3.1 La présentation des résultats

3.1.6 Entretien avec le travailleur social 6 (TS6)

Lorsque nous questionnons TS6 à savoir ce qu’est pour lui un dilemme éthique, il fait référence à l’affrontement entre deux valeurs reliées aux normes de pratique qui s’opposent. Un dilemme éthique peut également survenir, selon TS6, lorsqu’une règle de fonctionnement, liée au code de déontologie ou imposée par l’employeur, entre en conflit avec des valeurs du travailleur social : « C’est des valeurs qui s’affrontent ou ça peut aussi être une règle de fonctionnement, que ce soit lié aussi au code de déontologie ou que ce soit imposé par notre employeur, qui entre en conflit avec des valeurs.» TS6 insiste sur l’importance de prendre le temps nécessaire à la résolution des dilemmes éthiques.

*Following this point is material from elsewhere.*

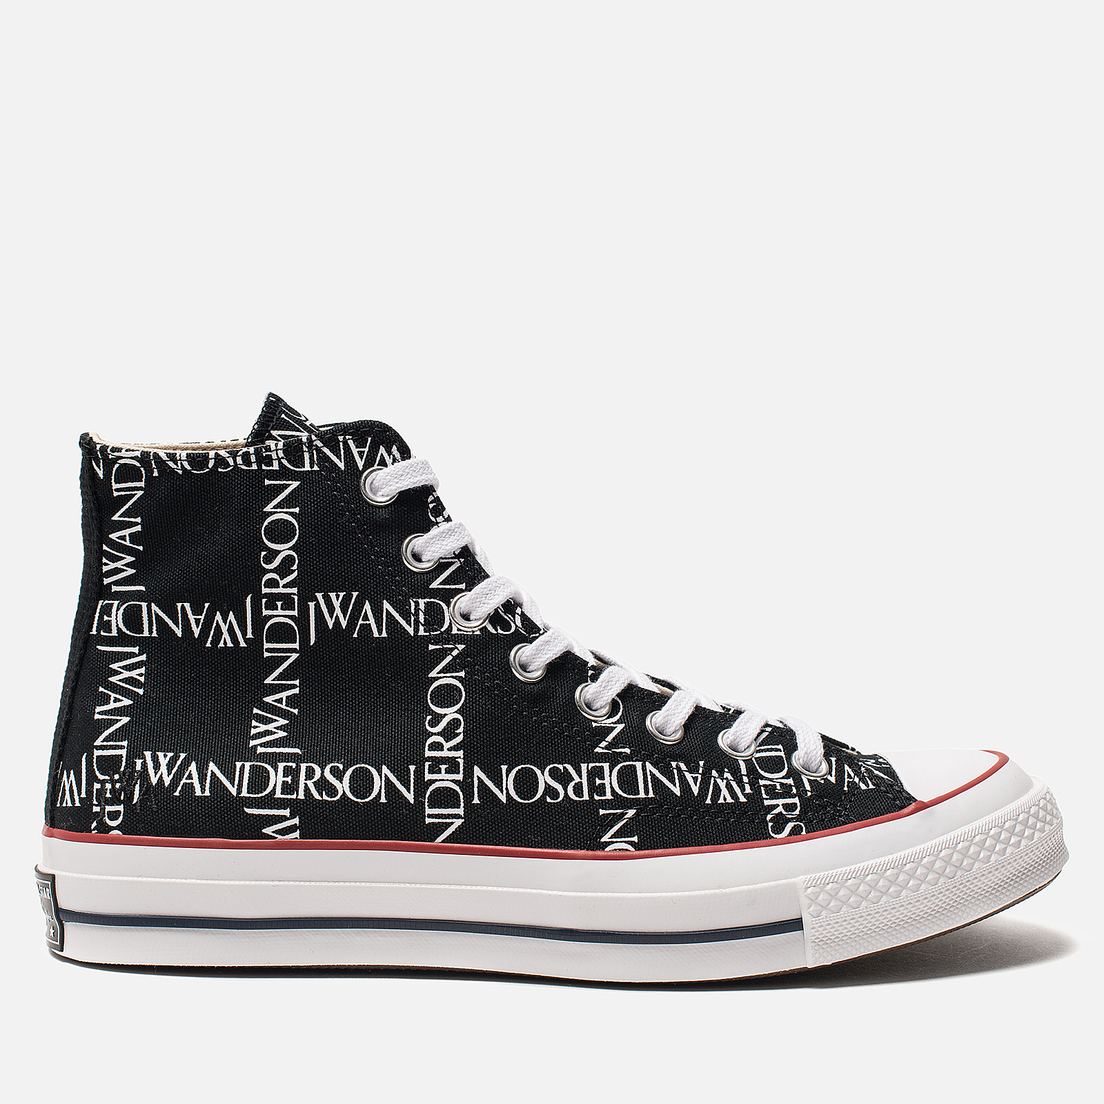 buy \u003e w anderson converse, Up to 71% OFF

Comme c’est des situations qui sont souvent complexes, [… t]u peux comme pas trop synthétiser là. Faut que tu prennes le temps de tout décrire en détail là. C’est quoi les risques, c’est quoi la situation, c’est quoi mes inquiétudes. C’est quoi l’impact ça peut avoir au niveau psychologique, que ça peut avoir pour la personne. (TS6)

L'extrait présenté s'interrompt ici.